Prerequisite testing updates

No prerequisite testing updates are required. The existing PID limiting tests in test/e2e_node/pids_test.go (PodPidsLimit suite) cover the node-level podPidsLimit behavior which this feature builds upon.

Unit tests

This feature touches API validation, field stripping, and kubelet cgroup enforcement. For Alpha, unit test coverage for the following packages is added:

  • pkg/apis/core/validation will be updated with validation rules for the pid resource (range 1024-16384, container-level rejection, requests.pid forbidden).
  • pkg/api/pod will be updated with field stripping logic when the PerPodPIDLimit gate is disabled (requests.pid is always stripped).
  • pkg/kubelet/cm will be updated with getPodPIDLimit logic (pod limit lower/higher than node, no pod limit fallback), cgroupsv1 rejection error message, PIDLimitCapped event emission when the effective limit is capped, and static pod PID limit enforcement (kubelet applies getPodPIDLimit uniformly for both regular and static pods).
  • pkg/apis/core/helper will be updated to exclude ResourcePID from standardContainerResources.
  • pkg/kubelet/eviction will be updated to verify that PID pressure detection, eviction ranking, and pod selection are unaffected by spec.resources.limits.pid when the PerPodPIDLimit gate is enabled.
  • k8s.io/component-helpers/nodedeclaredfeatures will be updated to verify that the kubelet declares PerPodPIDLimit in node.status.declaredFeatures when the feature gate is enabled and cgroupsv2 is available, and does not declare it when the gate is disabled or on cgroupsv1 nodes.

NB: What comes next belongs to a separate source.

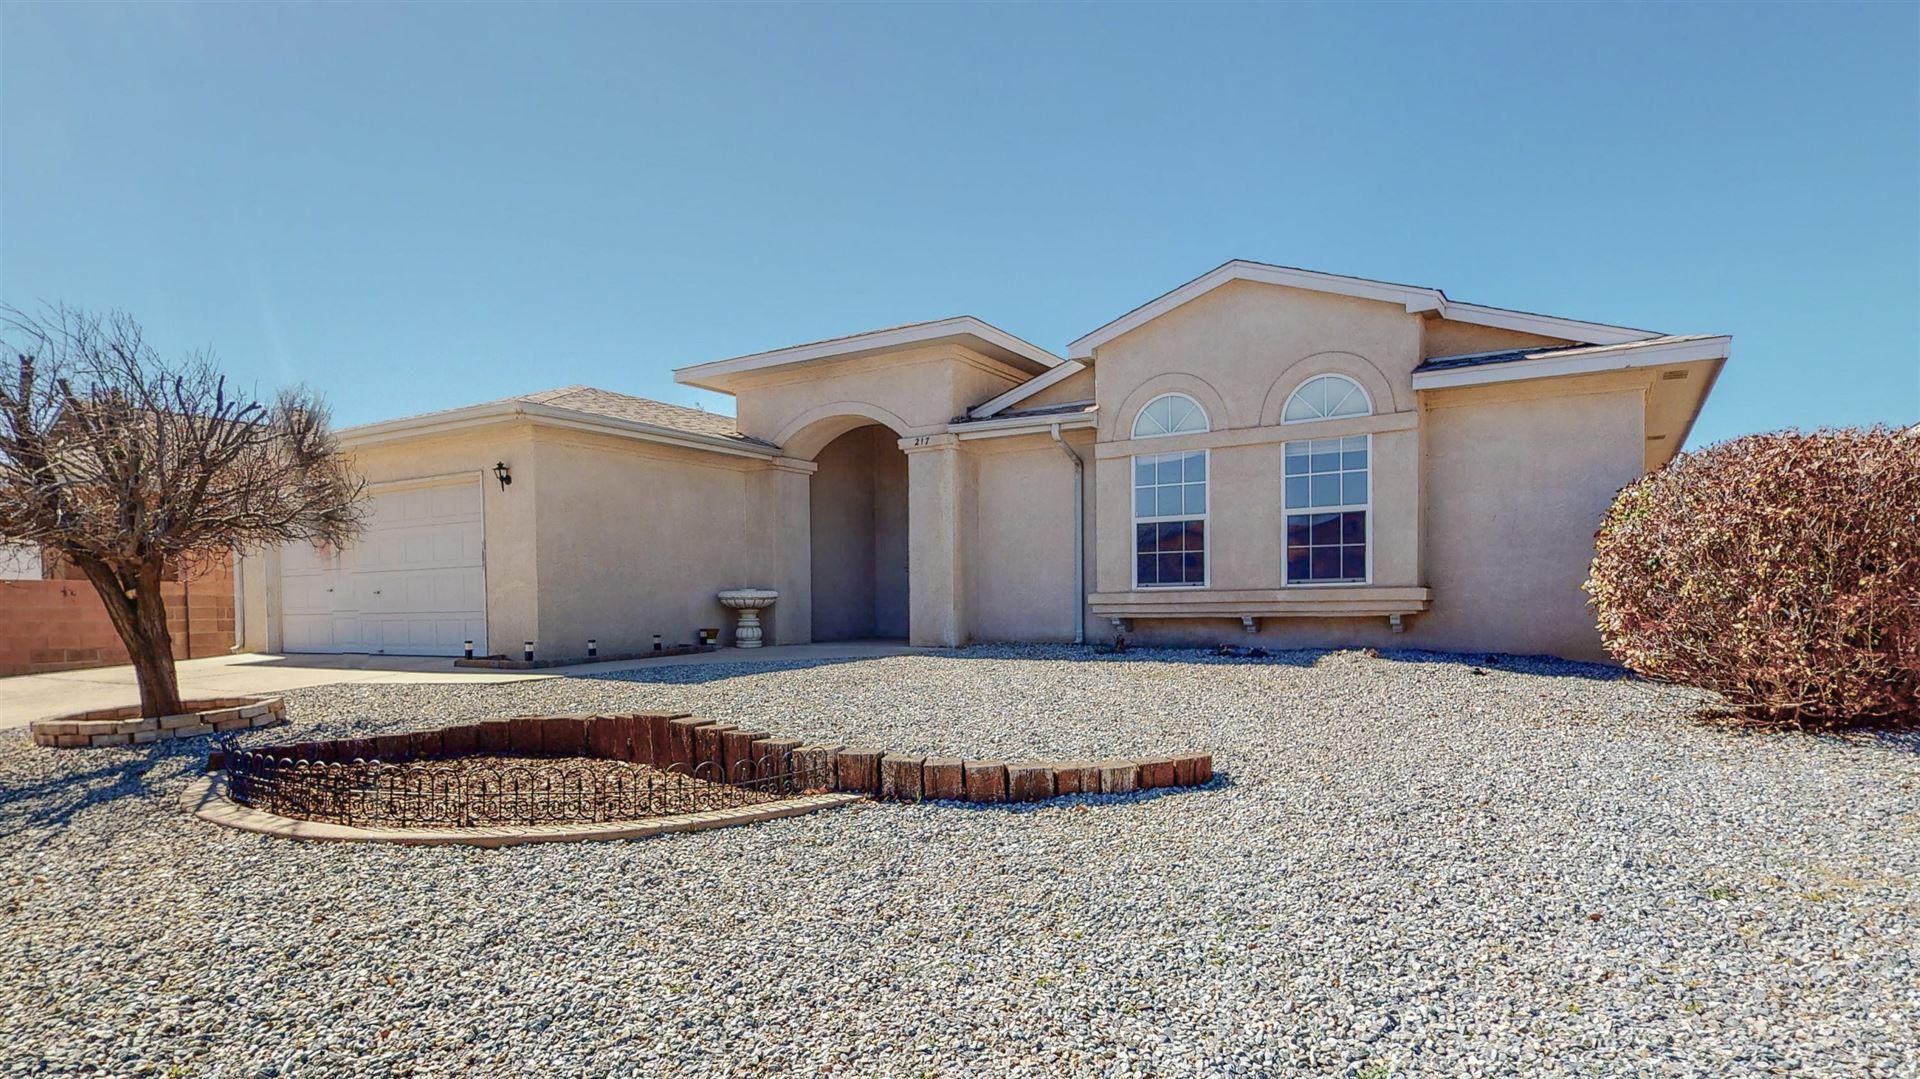 217 DOGWOOD Trail SE, Rio Rancho, NM 87124 - MLS#: 986771

k8s.io/kubernetes/pkg/apis/core/validation: API validation of pid resource k8s.io/kubernetes/pkg/api/pod: Field stripping when gate is disabled k8s.io/kubernetes/pkg/kubelet/cm: getPodPIDLimit enforcement logic k8s.io/kubernetes/pkg/apis/core/helper: ResourcePID helper functions k8s.io/kubernetes/pkg/kubelet/eviction: Eviction manager unaffected by per-pod PID limits k8s.io/component-helpers/nodedeclaredfeatures: Node Declared Features registration and inference

Integration tests

e2e tests provide good test coverage of the interaction between the API server (validation of pid resource) and the kubelet (cgroup enforcement). We may add integration tests before Beta to cover API admission edge cases that are not covered by the planned unit and e2e tests.

e2e tests
  • Pod PID limit lower than node default is applied.
  • Pod PID limit higher than node default is capped at node default and a PIDLimitCapped event is emitted.
  • Multi-container pod shares a single pod-level PID limit.
  • No pod PID limit falls back to node default.
  • Pod with pid limit is admitted under Baseline PSA profile and limit is enforced.
  • Pod with pid limit is admitted under Restricted PSA profile and limit is enforced.
  • Pod specifying spec.resources.limits.pid on a cgroupsv1 node is rejected during admission.
  • Static pod with spec.resources.limits.pid has PID limit enforced at the pod cgroup level (bypasses apiserver).
  • Static pod without spec.resources.limits.pid falls back to node-level podPidsLimit.
  • Node enters PIDPressure when available PIDs fall below configured eviction thresholds, regardless of pod-level PID limits.
  • Eviction manager continues to evict pods under PIDPressure; pod-level PID limits do not alter eviction behavior or pod selection.
  • Pod-level PID limits reduce aggregate PID consumption and can prevent a workload from triggering PIDPressure compared to the node-level default limit.
  • PID pressure calculation is based on node-level PID availability and is unaffected by the configured value of spec.resources.limits.pid.
  • Node with PerPodPIDLimit enabled and cgroupsv2 declares PerPodPIDLimit in node.status.declaredFeatures.
  • Pod with spec.resources.limits.pid is not scheduled to a node that does not declare PerPodPIDLimit.
  • Pod with hostPID: true and spec.resources.limits.pid has the pod cgroup pids.max set correctly; spawning processes up to the limit succeeds and fork fails with EAGAIN at the limit; host processes are visible via ps but are not counted against the pod’s cgroup PID limit.

Graduation Criteria

Alpha (target 1.37)

  • Feature implemented behind PerPodPIDLimit feature gate (disabled by default)
  • Kubelet enforces min(podPidsLimit, pod.spec.resources.limits.pid) on Pod cgroup
  • Unit tests and initial node e2e tests completed
  • kubelet_pod_pid_limit_applied_total metric exposed

Beta (target 1.38)

  • Feature enabled by default
  • Node e2e tests stable in Testgrid for at least one release
  • Downgrade and upgrade testing completed
  • Address feedback and bugs reported during Alpha

GA (target 1.40)

  • At least 2 releases in Beta without major bugs
  • Remove feature gate
  • Conformance tests added
  • No negative user feedback from production usage

Upgrade / Downgrade Strategy

Upgrade: No changes required for existing workloads. Enable the PerPodPIDLimit feature gate to start using the feature.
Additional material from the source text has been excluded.